Despite the widespread application of SAWS, few studies have managed to fully replicate its original factor structure. Although SAWS possesses good internal consistency and criterion validity [23, 27], its factor structure and dimensionality are inconclusive and subject to a number of limitations [17, 19]. First, to date, no studies have used CFA to validate the 40-item five latent factor structure of the scale. JD Webster [23] used CFA to analyse five sub-scale factors used to predict the latent construct wisdom rather than analysing all of the 40 items. Second, some of the SAWS items have a complicated factor structure. For example, JD Webster [2] reported that the ‘humor and openness dimensions have some overlap and weaker loadings’ (p. 16).
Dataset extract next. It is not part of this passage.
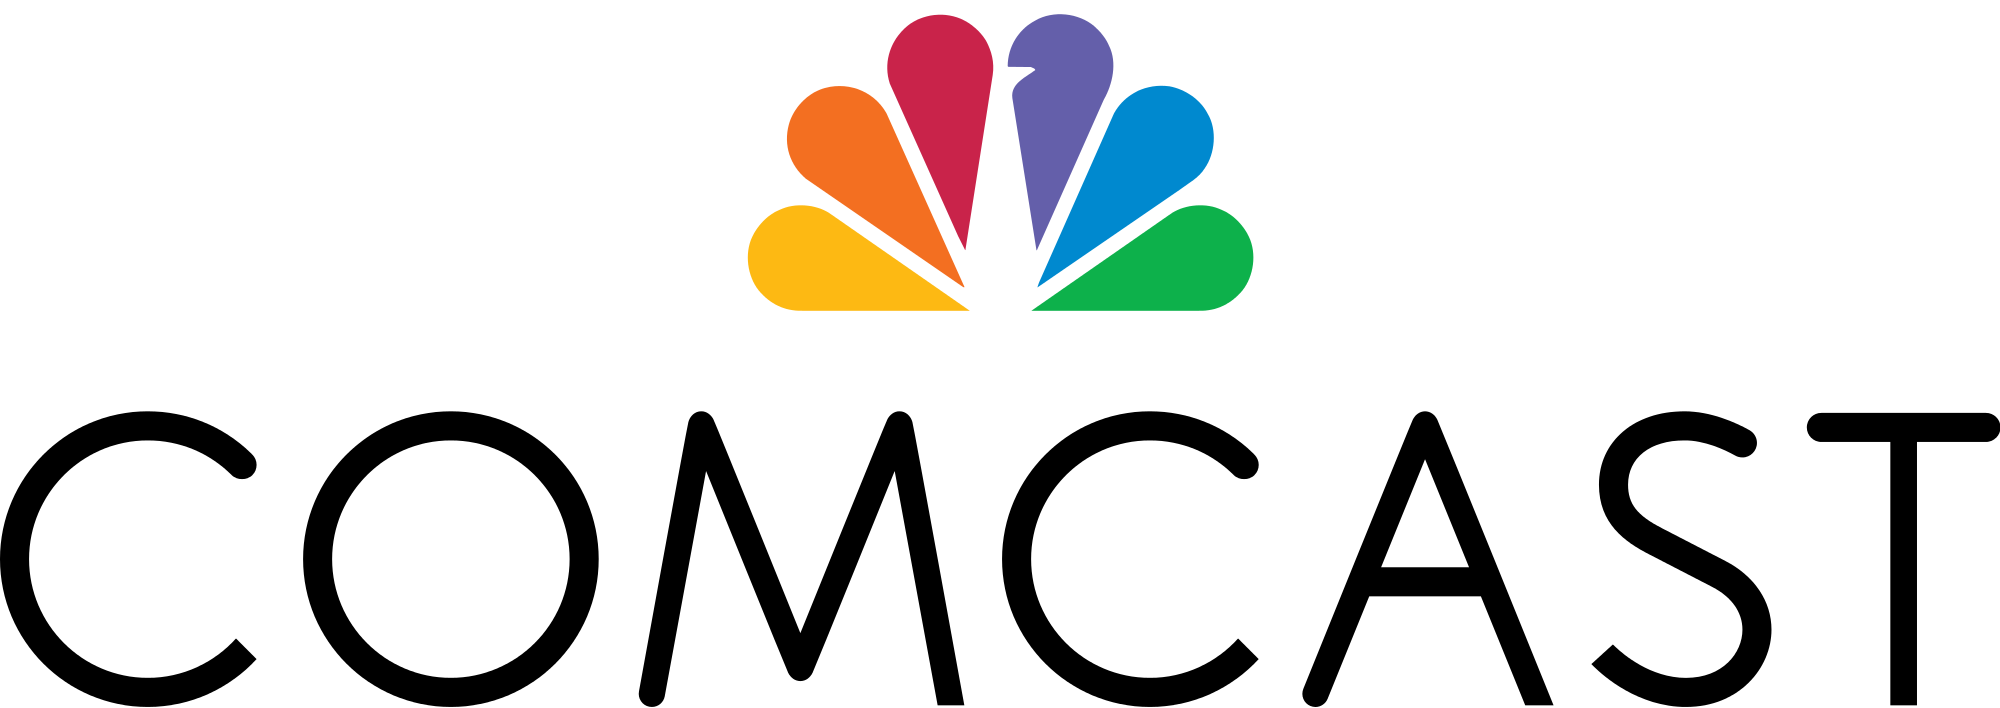 Comcast_Logo.svg.png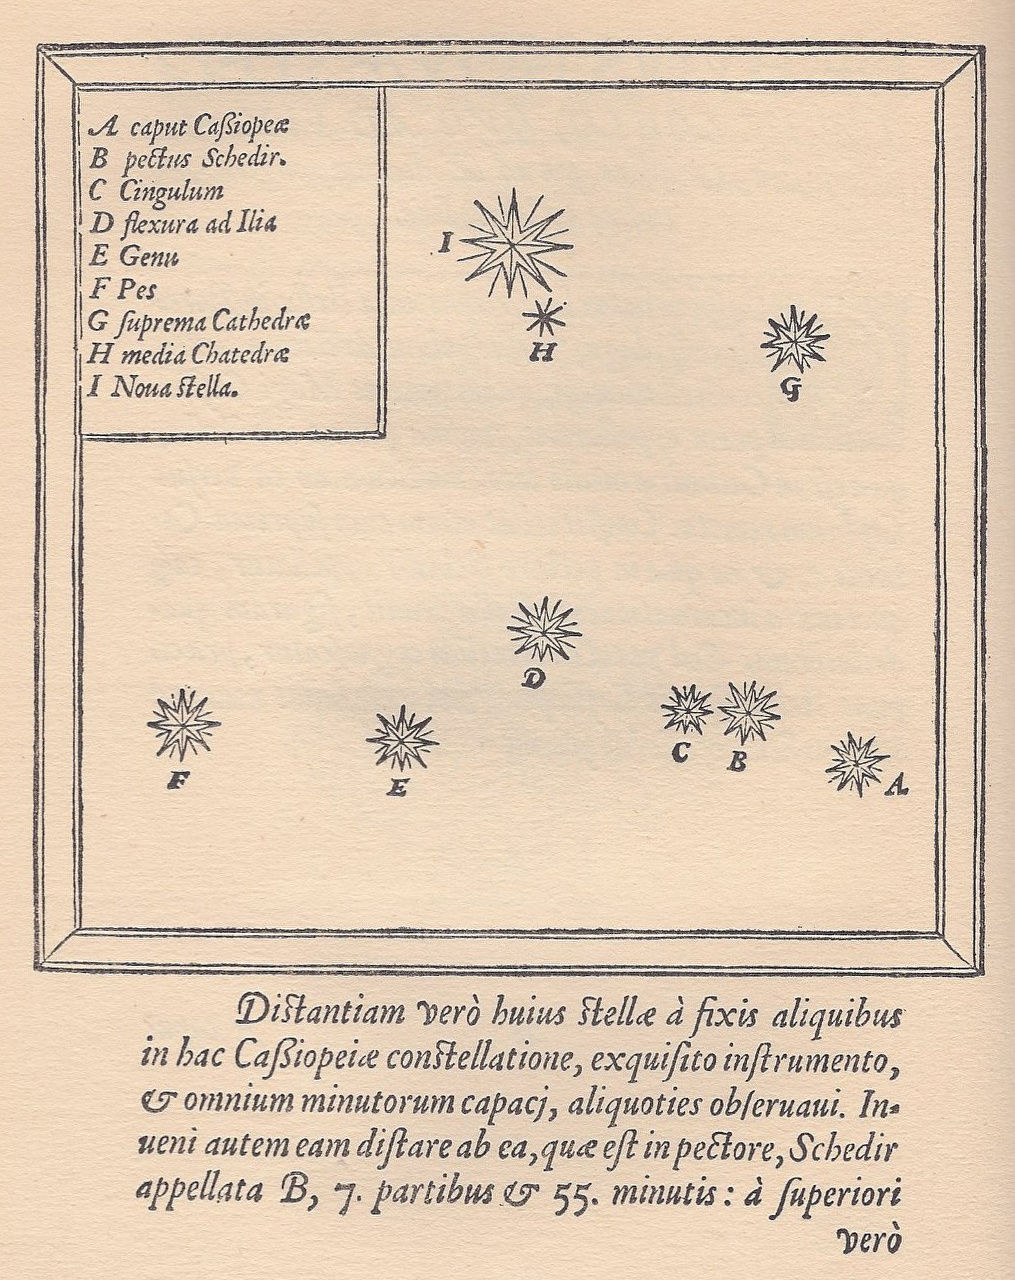 De waarneming van de supernova in het sterrenbeeld Cassiopeia door Tycho Brahe

In particular, items 12, 27 and 17 share the attributes of emotion regulation and reminiscence, items 14 and 24 are related to both emotion regulation and humour and items 5 and 20 are related to openness and humour.
Hence, controversies have arisen when studies have attempted to adapt the scale to other contexts. P Alves, L Morgado and Bd Oliveira [33] attempted to validate a Portuguese version of the 40-item SAWS, but their EFA results showed that the factor structure was significantly different from that of the original scale. In response, the authors proposed five alternative wisdom domains, namely reflection, mood, emotional self-regulation, experience and open mindedness, which are significantly different from those of the original SAWS. Due to the mixed findings on the factor structure of the wisdom scale, A Urrutia, GM de Espanes, C Ferrari, G Borgna, AM Alderete and F Villar [34] combined the 40-item SAWS and 79-item Wisdom Development Scale (WDS) to obtain a shortened 20-item scale with a three-factor structure for studying wisdom related issues. They applied the shortened scale in a study based on a sample of older adults in Argentina. However, their CFA results suggested very marginal model fit.
Given the controversies surrounding the full version of SAWS, this study explores whether the factor structure and dimensionality of the scale need further refinement. As JD Webster [2], who developed the original scale, stated, ‘continued refinement of specific scale items may eliminate those which explain little overall variance’ (p. 21). The first part of this study shows that the full 40-item scale fails to replicate the factor structure of SAWS using CFA. However, the EFA results support the development of a unidimensional nine-item Brief Self-Assessed Wisdom Scale (BSAWS). In the next section, the psychometric properties of the newly proposed BSAWS are evaluated and various tools are used to examine its internal consistency, criterion validity and construct validity. Overall, the results show that the BSAWS provides an efficient and valid tool for assessing wisdom using empirical data and psychometric evidence in different cultural contexts, i.e., Chinese culture.